I have 69 unread Hinge notifications.
How’s my love life going, you ask? Well, my dating app is getting more action than I am.
Another notification just came in. We’re now at 70 unread Hinge notifications and I’m honestly just annoyed that the universe couldn’t even grant me a full sixty seconds of self deprecation to lighten the mood. I delete the new notification to keep it at 69 and giggle like a frat boy who has had too many jello shots. I suppose I should be flattered but I have no intention of opening any of these notifications. Why did I even download this app?

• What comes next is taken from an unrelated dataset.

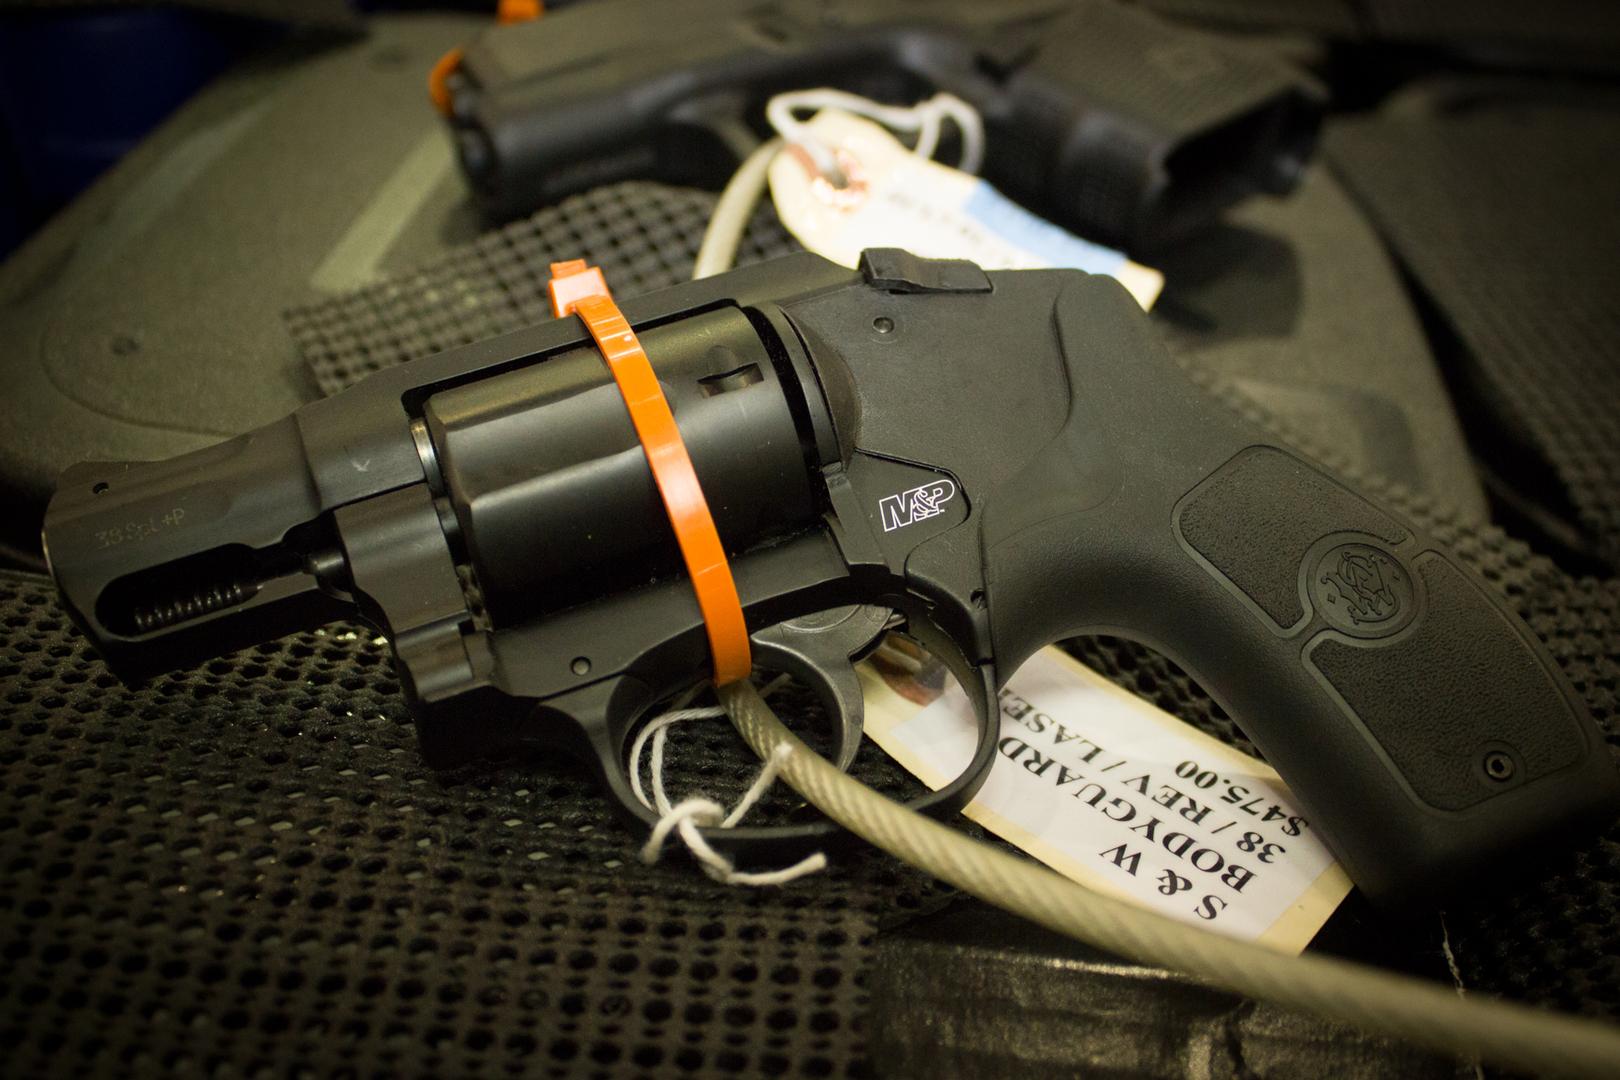 C & E Gun Shows - Guns, Gun Show, Sporting Goods, Outdoor Sports

I can’t actually trust that these apps were built for people to meet and date. I’ve been on and off these platforms for months, embracing the validation I receive from random strangers then deleting the app out of frustration only to find myself back in a few weeks. I think platforms like Tinder, Bumble, and Hinge are just another social media outlet and a lazy opportunity to double-tap instead of building a genuine connection with someone. More importantly, I have a theory that if a guy is matched with you, he uses the platform solely for the purpose of jerking off to your photos without any intent to message you.
Prove me wrong.
Nearly every guy I’ve matched with will not message me when I invite him to chat. And why is that?
They’re totally only there to jerk off to photos.
Except Kyle. Kyle was not only a beautiful man who matched with me but maybe one out of twenty to message me when I decided to connect with him. Our romance was short lived though when he shared that he was currently in Hawaii and I immediately replied with “Hope you get some D!”
I’m saddened to report that he did not message me back after that and while I was strictly talking about Vitamin D, I guess I blew that one. No pun intended.
It’s probably not Hinge’s fault that I’m having no luck with the app but my perspective alone makes me more certain that most aren’t there to actually date. I know I’m not.
And now I wonder, ‘Am I here to jerk off to photos?’
I guess I’ll have to disappoint the family once again during the holidays when I show up without a date. I do find it somewhat refreshing (while mildly depressing) that the conversation has transitioned in the following years as such:
Holidays with my boyfriend:
“When are you two finally going to get married and have kids?”
Last holiday, without a boyfriend:
“So are you dating?”
This year, pre-holiday, which is getting me super hyped for the actual dinner conversations ahead:
“Honey, I think maybe you should start thinking about freezing your eggs.”
I think it’s safe to say that my family has officially given up on me and I am a lost cause by society’s standards. The older I get the more I realize I don’t want children so the thought of selling my eggs is much more appealing at this point rather than freezing them, taking the money, and moving to Belize to live my best life.
But then my anxiety kicks in and I fast forward to my fifties where I’m minding my own business, walking down the street listening to Lizzo, who I completely and fully expect to still be killing it, when a twenty-something-year-old with my eyes and bone structure walks by me and I immediately wonder, “Oh my God, is that my child?!”
There are far too many Lifetime movies and shows about kids looking for their egg and sperm donors and that is just a chance that I cannot take. For that reason, I’m out. And so is my dream of living in sunny Belize.
And now I wonder if Kyle is still in Hawaii and if he ever did get that D.
I’ll be deleting this app again tonight.